Receptor | Compound | Donor Atom | Receptor Atom | Distances (Å) |
2OW1 | CEMBL82047 | LEU188:H | UNK900:O2 | 1.84939 |
ALA189:H | UNK900:O2 | 2.5637 |
GLN402:HE22 | UNK900:O5 | 2.04371 |
UNK900:H29 | ALA189:O | 2.21685 |
CEMBL381163 | LEU188:H | UNK900:O3 | 2.73564 |
GLN402:HE22 | UNK900:O7 | 1.84541 |
HIS411:HD1 | UNK900:O4 | 2.63353 |
UNK900:H22 | ALA189:O | 2.04562 |
JNJ0966 | LEU188:H | UNK900:N3 | 2.7175 |
UNK900:H1 | MET422:O | 2.01943 |
MMP9IN1 | GLN227:HE21 | UNK900:N2 | 2.6066 |
UNK900:H11 | TYR245:O | 1.90625 |
Table 3
π-Related Interaction Parameters for Each Compound with MMP9.

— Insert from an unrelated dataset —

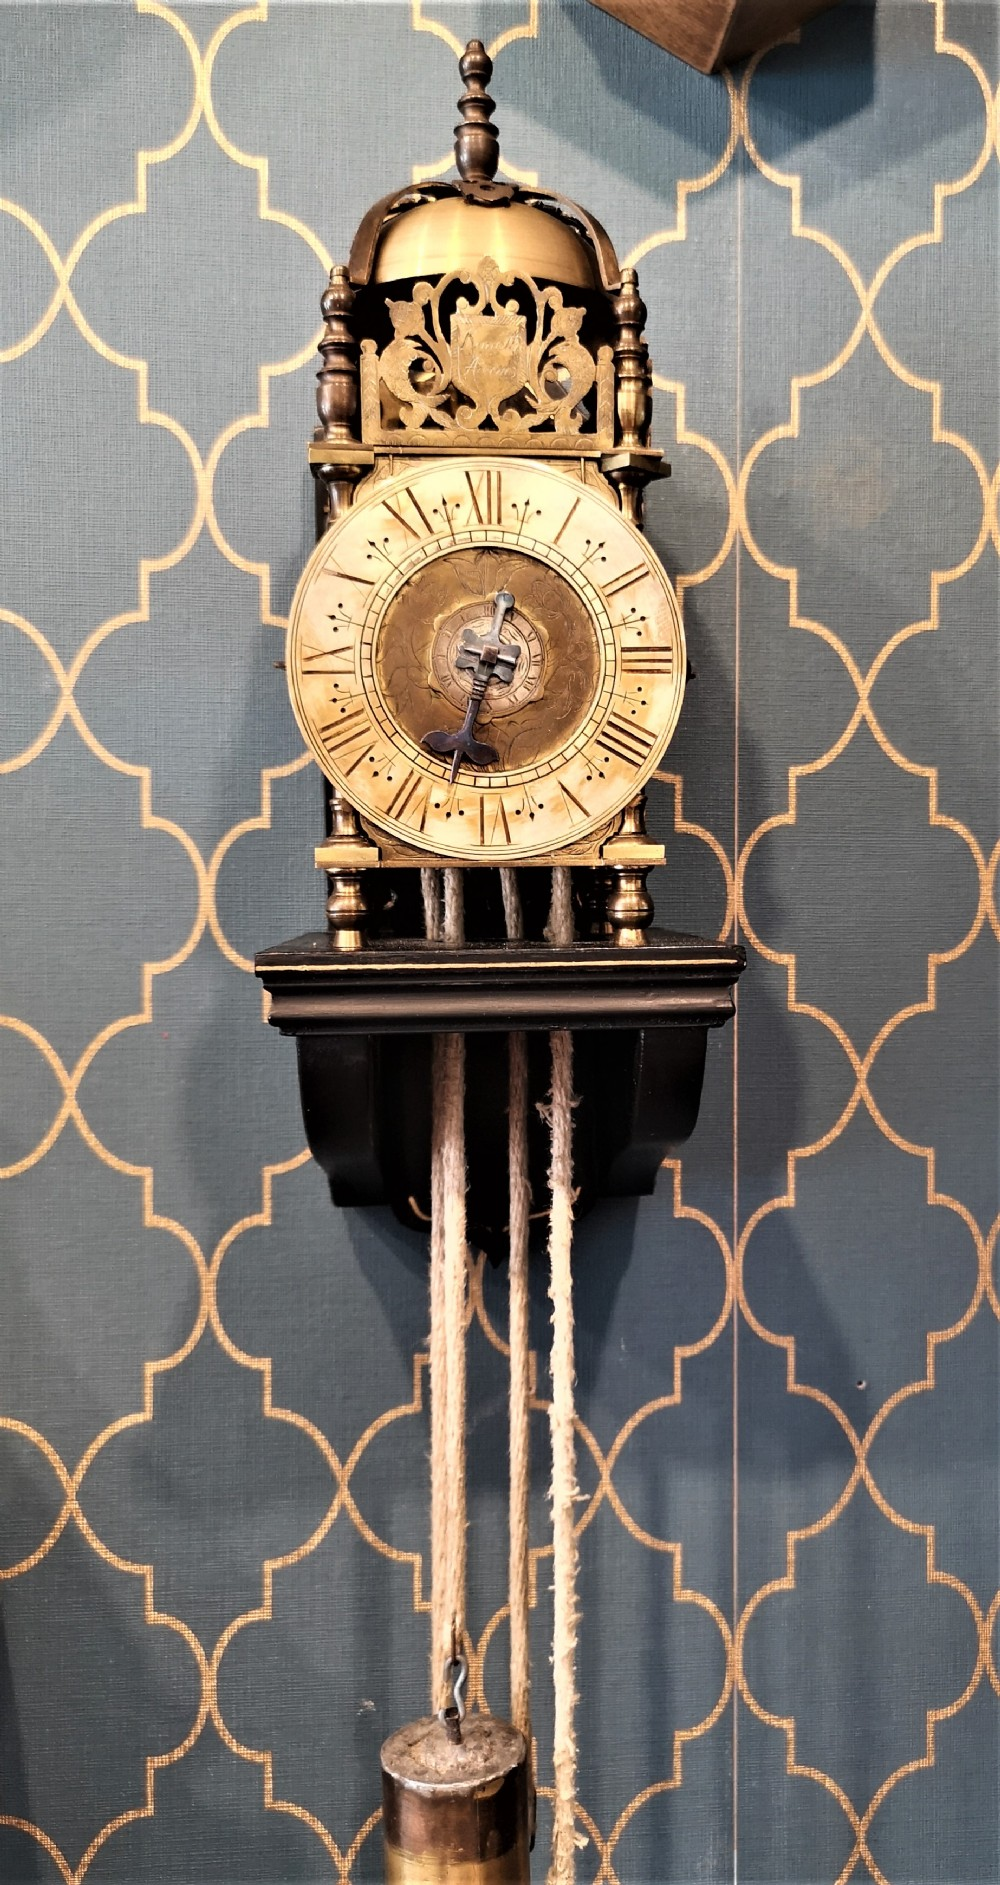 miniature verge lantern clock
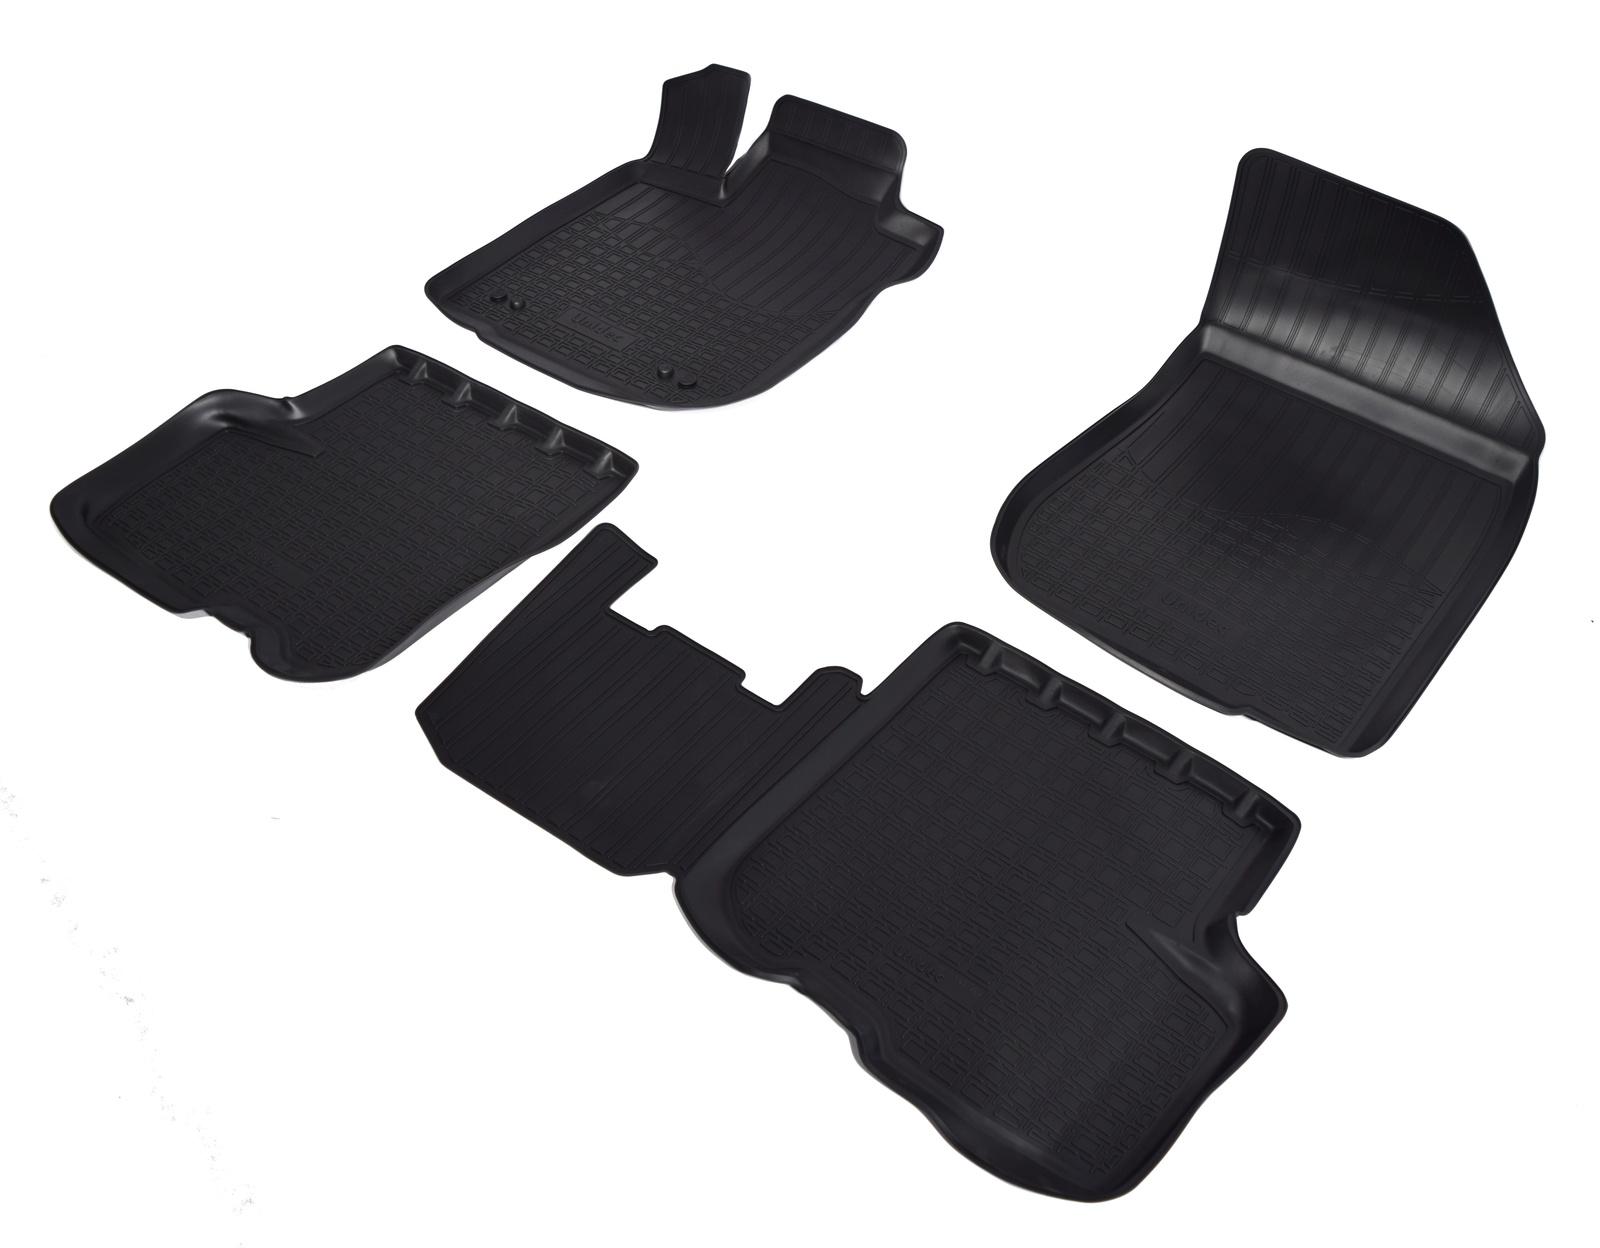 цена на Коврики в салон автомобиля Norplast для Renault Logan L52 2014, NPA11-C69-350, черный

Receptor | Compound | Donor Atom | Receptor Atom | Distances(Å) |
2OW1 | CEMBL82047 | HIS401 | UNK900 | 4.2886 |
UNK900:C15 | LEU187 | 4.82839 |
UNK900 | LEU188 | 5.32252 |
UNK900 | VAL398 | 4.8719 |
CEMBL381163 | UNK900:H4 | HIS401 | 2.77631 |
UNK900:C1 | LEU397 | 4.16409 |
UNK900:C14 | LEU187 | 4.4138 |
PHE110 | UNK900:C15 | 4.14676 |
HIS411 | UNK900 | 5.04727 |
TYR423 | UNK900:C1 | 4.81758 |
UNK900 | LEU188 | 4.80899 |
JNJ0966 | HIS401 | UNK900 | 4.00463 |
UNK900 | TYR423 | 5.5835 |
ALA189 | UNK900:C9 | 3.89591 |
UNK900:C9 | LEU188 | 4.59029 |
UNK900:C9 | VAL398 | 4.42465 |
UNK900 | LEU188 | 4.21123 |
UNK900 | VAL398 | 4.71999 |
UNK900 | LEU397 | 5.13481 |
UNK900 | LEU418 | 5.36355 |
MMP9IN1 | UNK900 | LEU243 | 5.32463 |
Molecular dynamics simulation
Molecular dynamics simulation is a method for simulating the physical motion trajectories and states of atoms and molecules based on Newtonian mechanics. We build a molecular dynamics simulation module to evaluate the stability of small molecule-protein complexes under natural environment conditions. Figure 6C-D shows the potential energy and RMSD plots for each complex. The trajectories of each complex reached equilibrium, and the potential energy and RMSD of complexes CEMBL82047-MMP9 and CEMBL381163-MMP9 reached a steady state over time. That means the complexes can exist stably in the natural environment.